If not the whole project may be scuttled. Three
things caused this problem:
Increasing returns in production
Credit markets are missing
Customers switch slowly
Increasing returns and market
size: Interaction
Construction industry: In developing countries
construction is a labour-intensive industry. In
developed countries automated process (cranes
and fabricated walls). Final production of a
house is reduced to a large series of automated
steps requiring the provision of many
intermediate inputs. These inputs can be
extremely costly and requires a larger market. In
other words intermediate inputs are often
produced under conditions of increasing returns
to scale. This means that increased varieties of
inputs would increase output.
Increasing returns and market
size: Interaction
Assume a poor country with low demand for the
final product. This means that intermediate
production is constrained (implies a high price).

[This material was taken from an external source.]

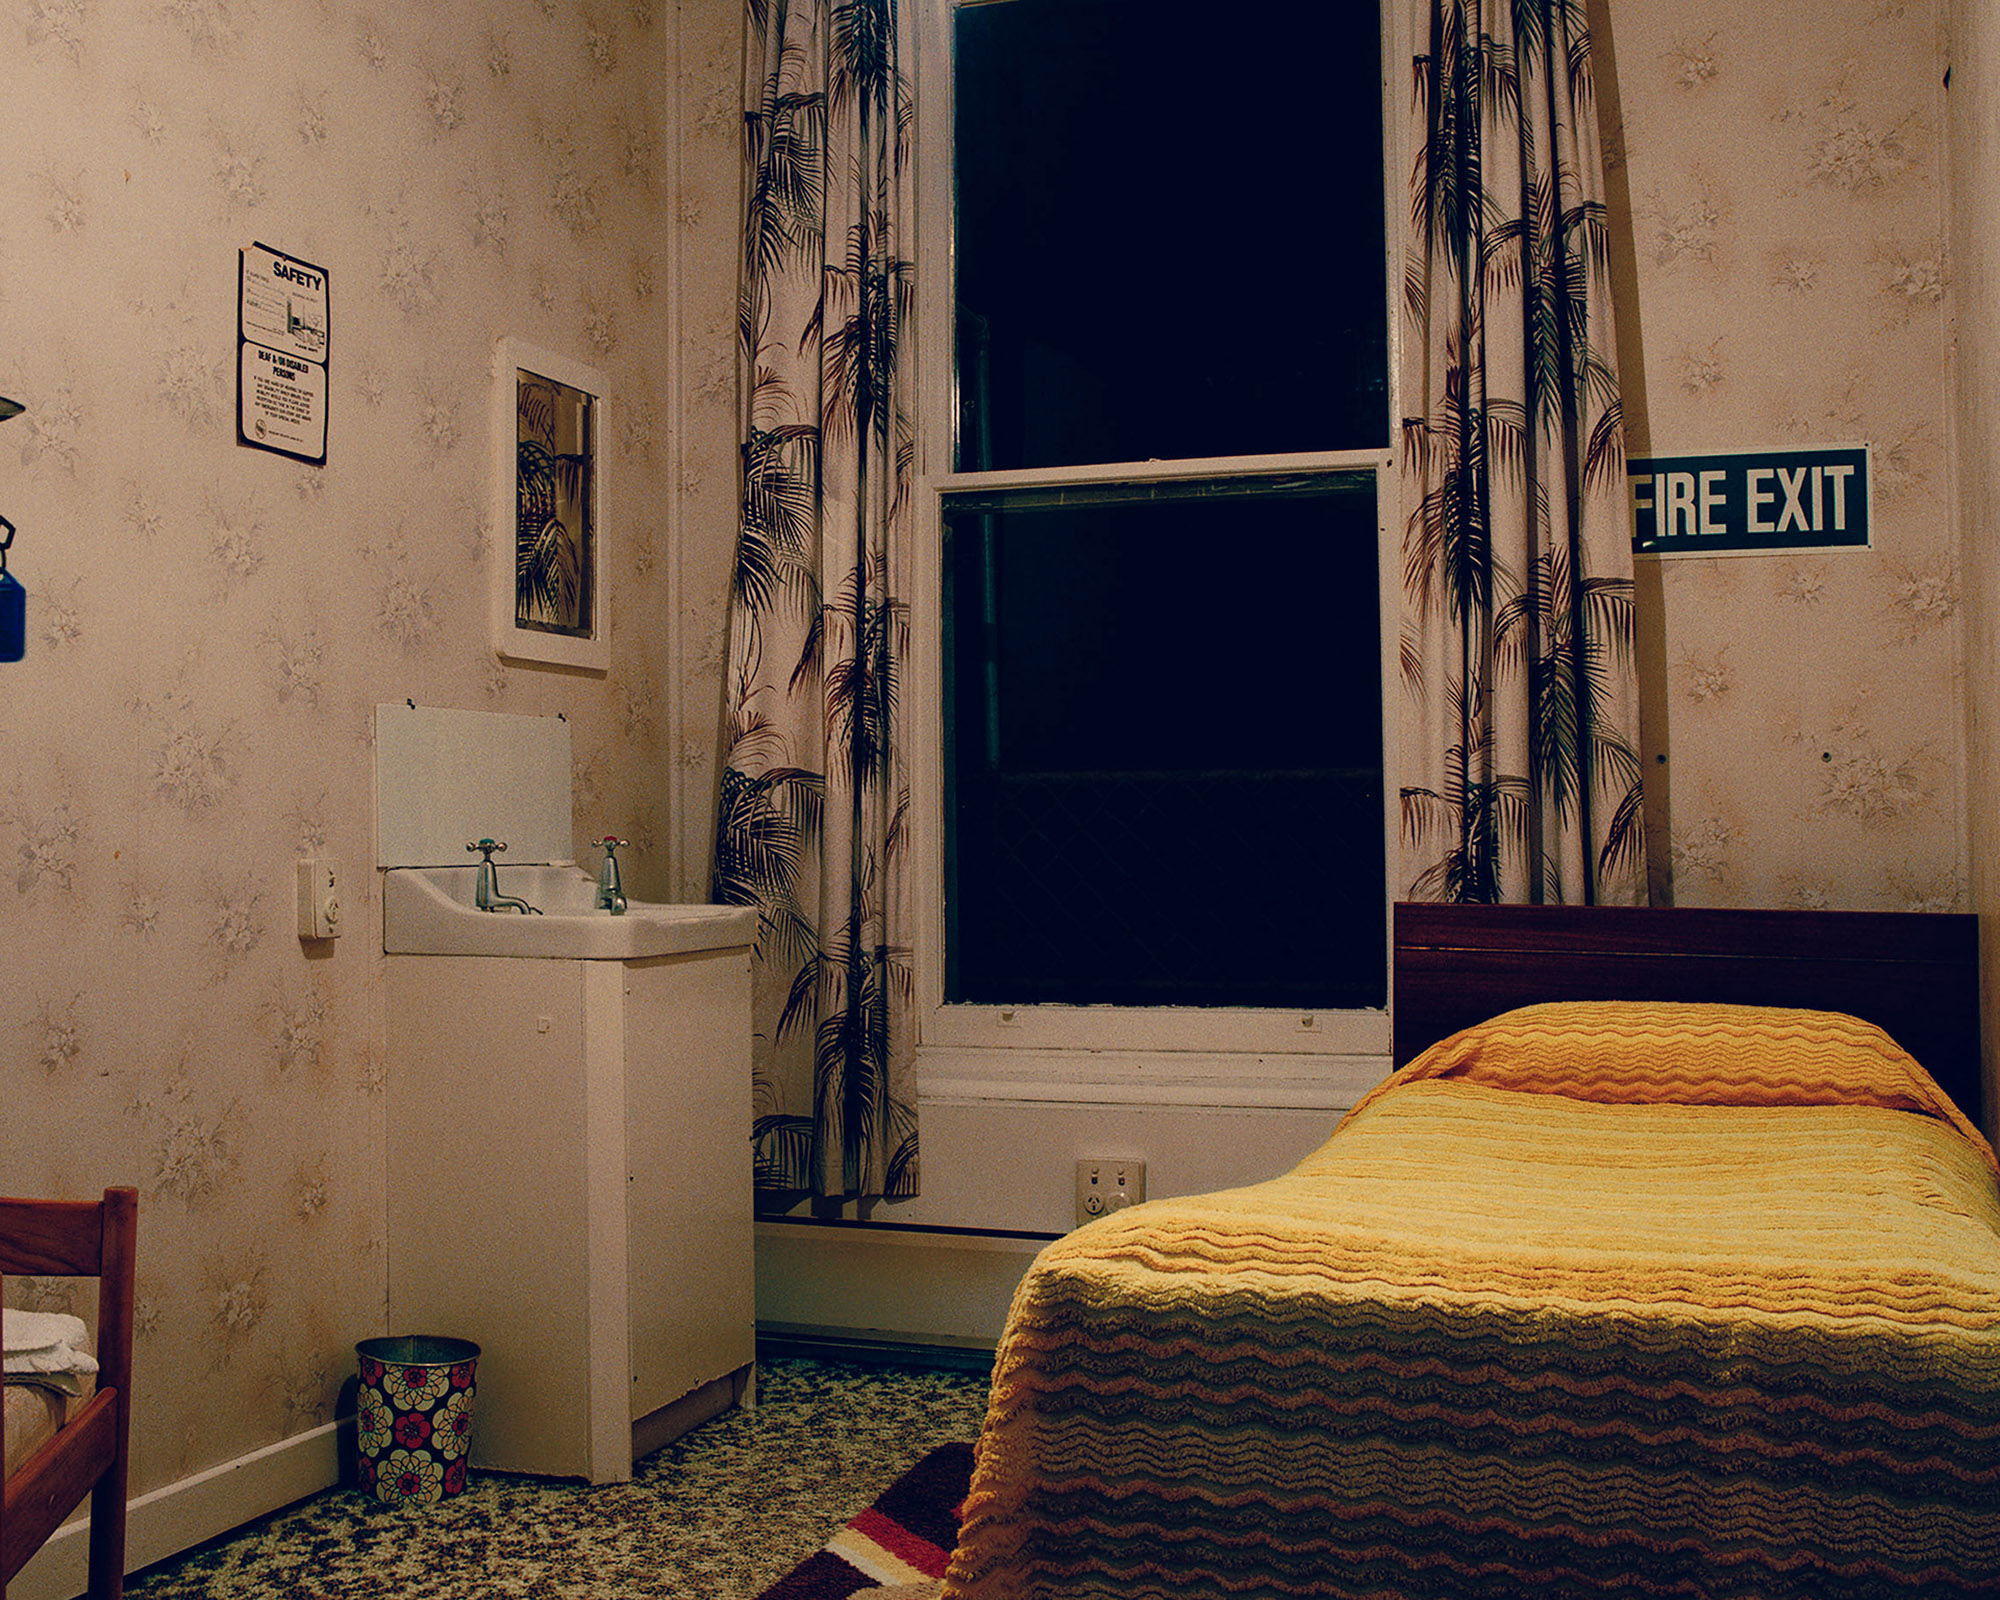 Room 6, Lumsden Hotel, 6 Diana St, Lumsden, Southland, New Zealand 2004. © Alan McFetridge

Firms substitute away from intermediates to
labour, which reduce productivity and income.
Low income in turn generates lower demand and
the vicious circle is complete. The opposite
occurs in a virtuous circle. High demand for the
final consumption good increased the demand for
intermediates, which lower the price of
intermediates. Falling prices give incentives of
substitution away from labour towards
intermediates, which has a positive impact on
productivity and on income in the economy.